Who pays for a categorical CAIDA?

If those three facts hold, a CAIDA that pushed European users away from non-EU compute and APIs would not create European capability quickly enough to matter for this regulatory cycle. It would, however, raise the cost and lower the quality of the AI European users can in practice deploy.

The cost is workload-specific, and worth unpacking that way.

SemiAnalysis’s Cluster TCO methodology puts a Silver-tier cluster at roughly 15% higher total cost of ownership than a Gold-tier one on a representative large-LLM pretraining workload, at equal GPU-hour pricing.

For any European lab aspiring to the frontier, that is a research-velocity penalty paid in months of engineering time. (For inference endpoints, the same methodology puts the equal-priced Gold-vs-Silver gap below 1%; the brief works through why frontier inference and frontier API access bear the cost differently.)

For the European businesses and public institutions consuming Claude, GPT-5, or Gemini through an API, the binding sovereignty constraint is not which cluster the request lands on.

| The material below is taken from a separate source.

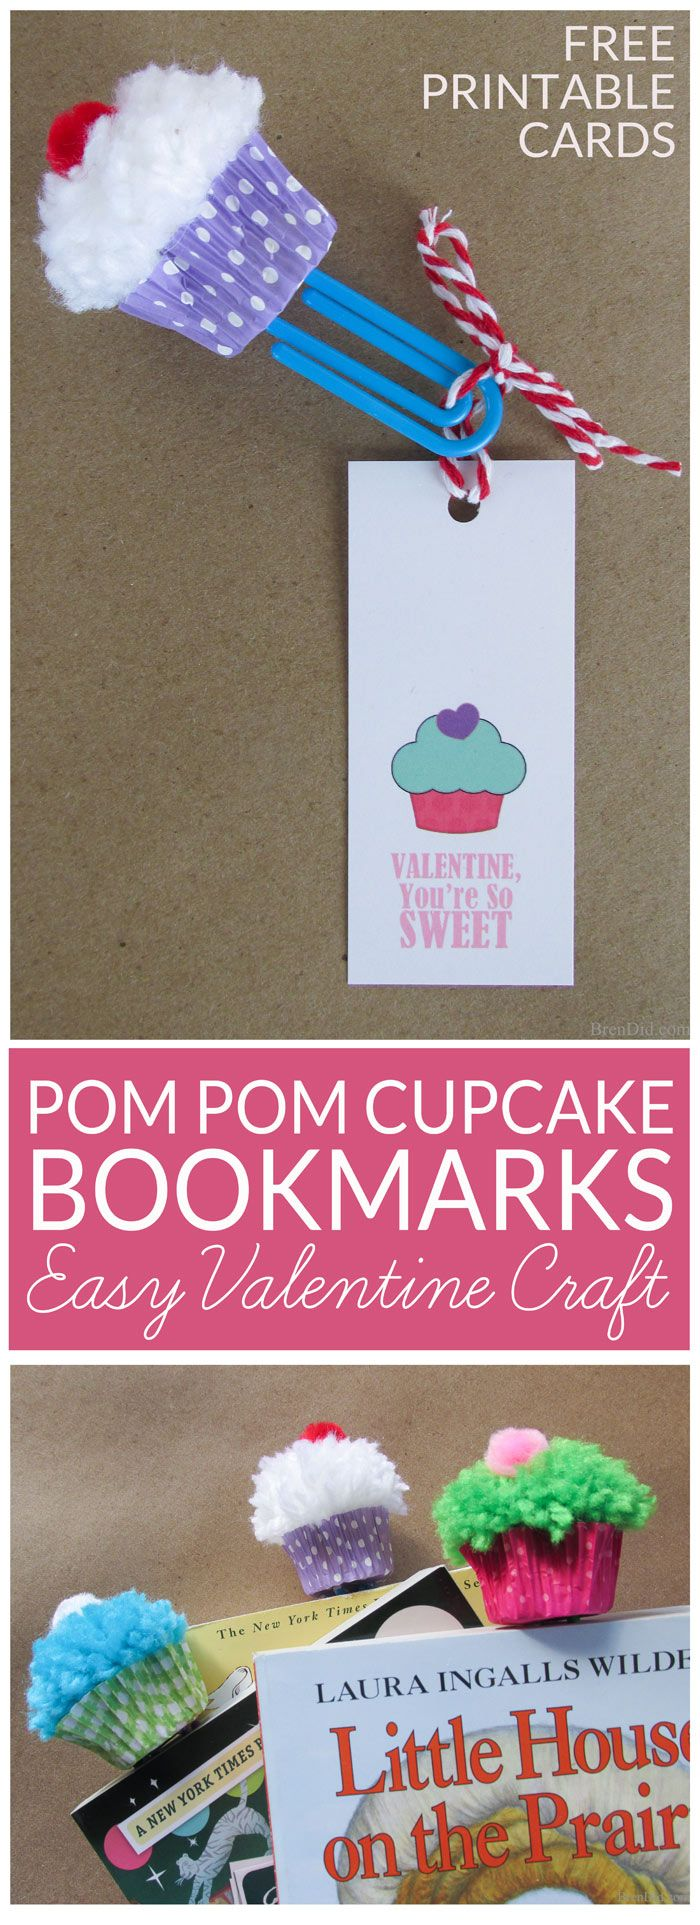 Cupcake Bookmark Craft Free Printable Valentine Cards – Cupcake Valentine Card

It is whether the user retains legal access to the API at all — and that is the layer at which the largest population of European users actually encounters frontier AI.

The further point — developed at length in the brief — is that the categorical approach does not deliver even the legal immunity it implies. The “immunity from non-EU law” test embedded in EUCS High+ presumes that EU headquarters and EU-located processing are a sufficient hedge against the reach of non-EU law into EU data. The *King v OVH*litigation is the live counterexample. In September 2024, the Ontario Court of Justice issued a production order requiring OVHcloud to disclose subscriber data held on servers in France, the United Kingdom, and Australia. The appeal has been pending since. That the most prominent extraterritorial production order of the past eighteen months runs against the canonical European sovereign-cloud champion, holding EU-located data, ought to weigh more heavily in this debate than it has so far.

What the brief argues instead

CAIDA at EU level should be risk-based rather than categorical, with Member State subsidiarity preserved for stricter public-administration measures rather than generalised into a single-market default. The genuinely narrow cases of residual extraterritorial concern can be handled by Article 9 GDPR, defined national-security exceptions, and the proportionality discipline that already applies to public-sector procurement.

The build side of the agenda — where European policy actually has direct leverage — runs through corporate-law reform (the Commission’s EU Inc. proposal sits here, though its current drafting risks dilution by deference to Member-State legal autonomy, in much the same pattern I have argued against in earlier work), financial-single-market reform, and harmonised data-centre permitting and grid build-out. The Commission’s own Joint Research Centre put the underlying point about as plainly as a JRC brief is likely to: “digital sovereignty cannot be equated with autarky.”

I will return to the package, to the Council negotiation, and to the EUCS High+ certification debate as the implementing acts come into view. For now, what I would like to stress that the binding constraint on European AI capability is silicon, capital, power, and the EU’s own reluctance to deliver the corporate-law reform its founders have been asking for — not jurisdiction. A categorical CAIDA that ignores that will be paid for, mostly, in Europe.